Alaric nodded, moving toward the shimmering, dissipating remains of the Chrono-Simian. Seraphina and Lysander stood side-by-side, extending their hands. A pale, ethereal green light, like captured starlight, emanated from the aberration’s residue, drawn into their bodies. Alaric felt a familiar rush of pleasure as the raw chronal energy surged into him, a deepening of his own connection to time, a quiet strengthening. He shivered, the cold energy invigorating, even as he tracked the subtle growth of his own capacity.

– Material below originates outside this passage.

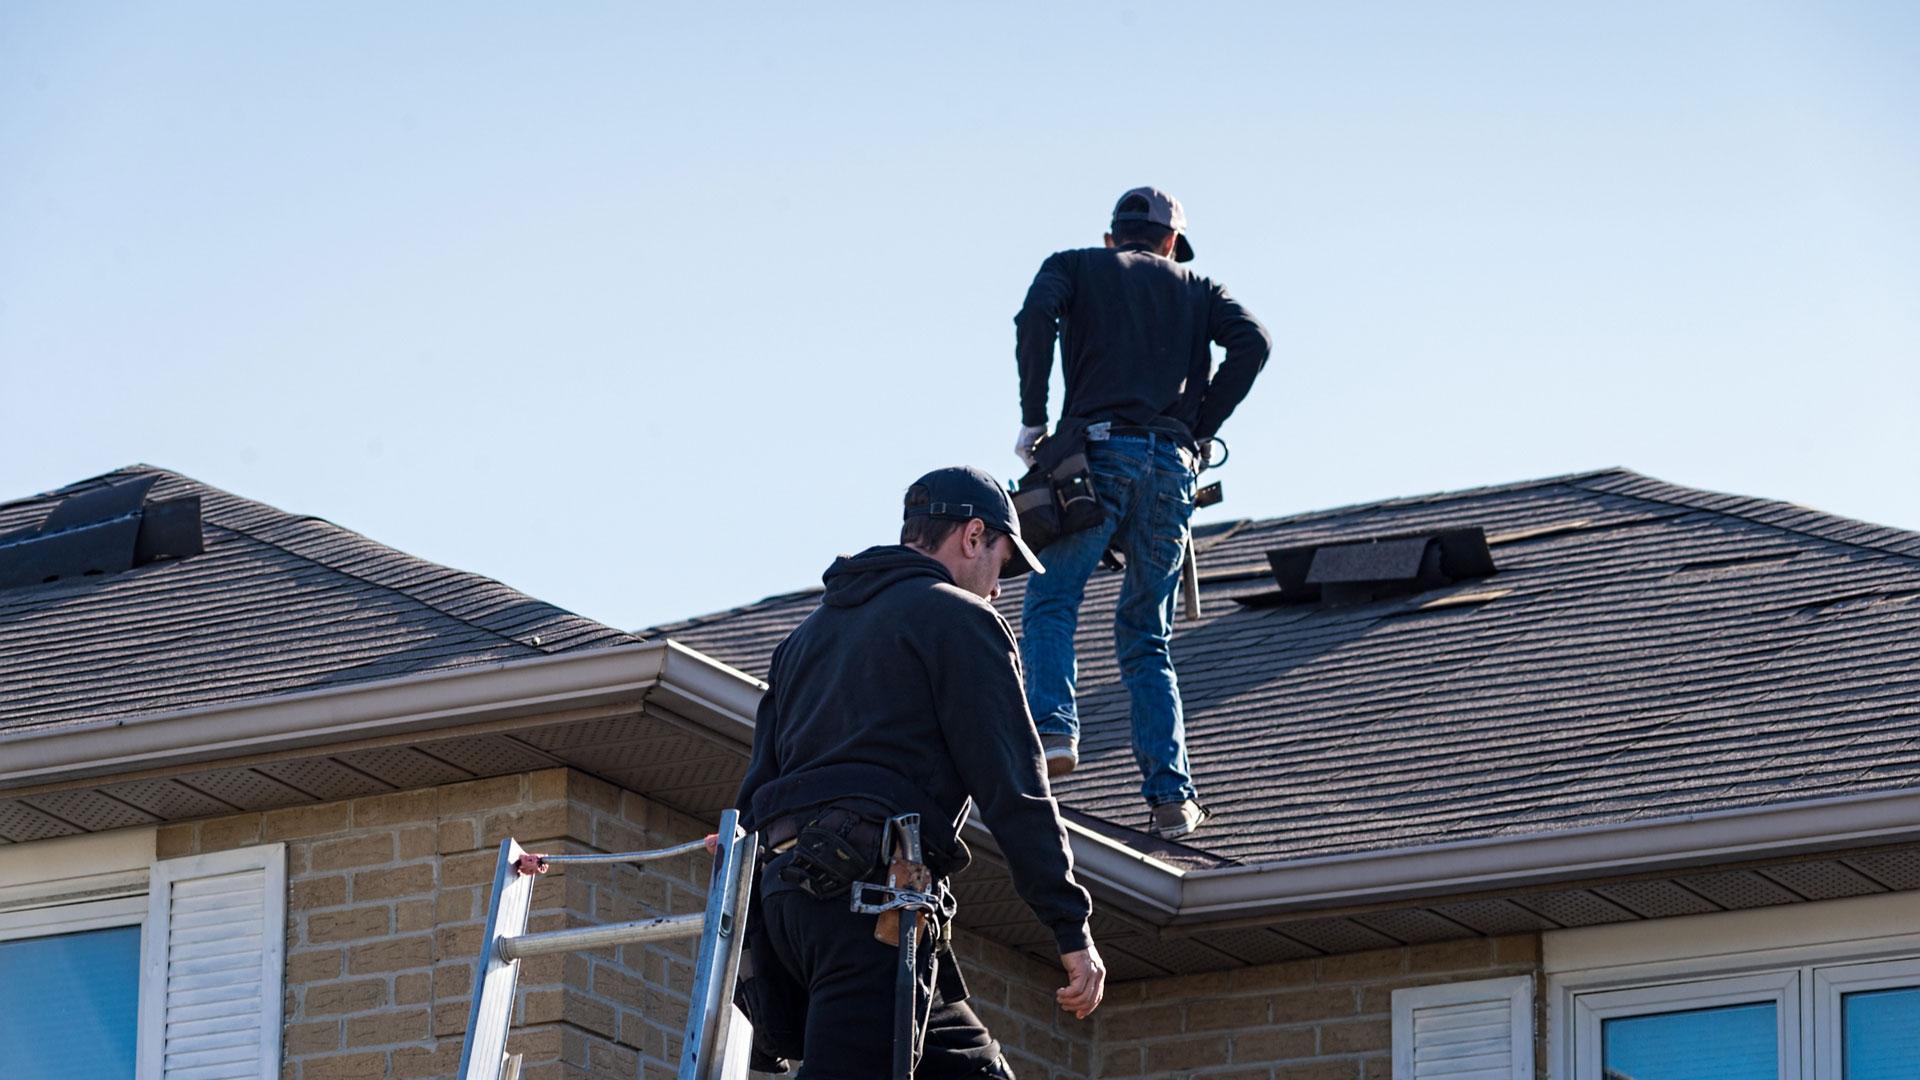 Houston roofing company conducting Sugar Land seasonal roof inspection for free

The energy absorbed from this Chrono-Simian was substantial, more than a common beast, but less than some of the more potent temporal echoes he’d encountered in the archives. Yet, for three people to absorb so much, it was testament to the phenomenon. The ancient texts were true: up to four individuals could draw from a single source of chronal energy without diminishing its effect. The reason for the precise number ‘four’ remained a mystery, but it was why noble houses often formed small hunting parties.
“Ah, I can’t absorb anymore,” Seraphina declared, a faint green glow beginning to leak from her fingertips, dissipating into the air. This was the 'dispersing' process, when one reached their innate limit for chronal growth. Lysander, too, ceased absorbing, a similar glow ghosting around him.
Alaric continued to draw in the remaining energy, feeling the envious glances from the two nobles. He absorbed it all, until only the faint smell of burnt ozone remained.
---
On the return journey to Veridia, Seraphina and Lysander recounted the hunt, their voices animated. They boasted of their heroic charges, their quick thinking, their devastating displays of aetherial power. Their selective memory conveniently omitted the part where Aetherium Guards became disposable shields. Alaric listened, quiet, his mind already drifting back to the archives, to the deeper, unsettling truths about Veridia’s fractured history, and the burden of his own terrible secret.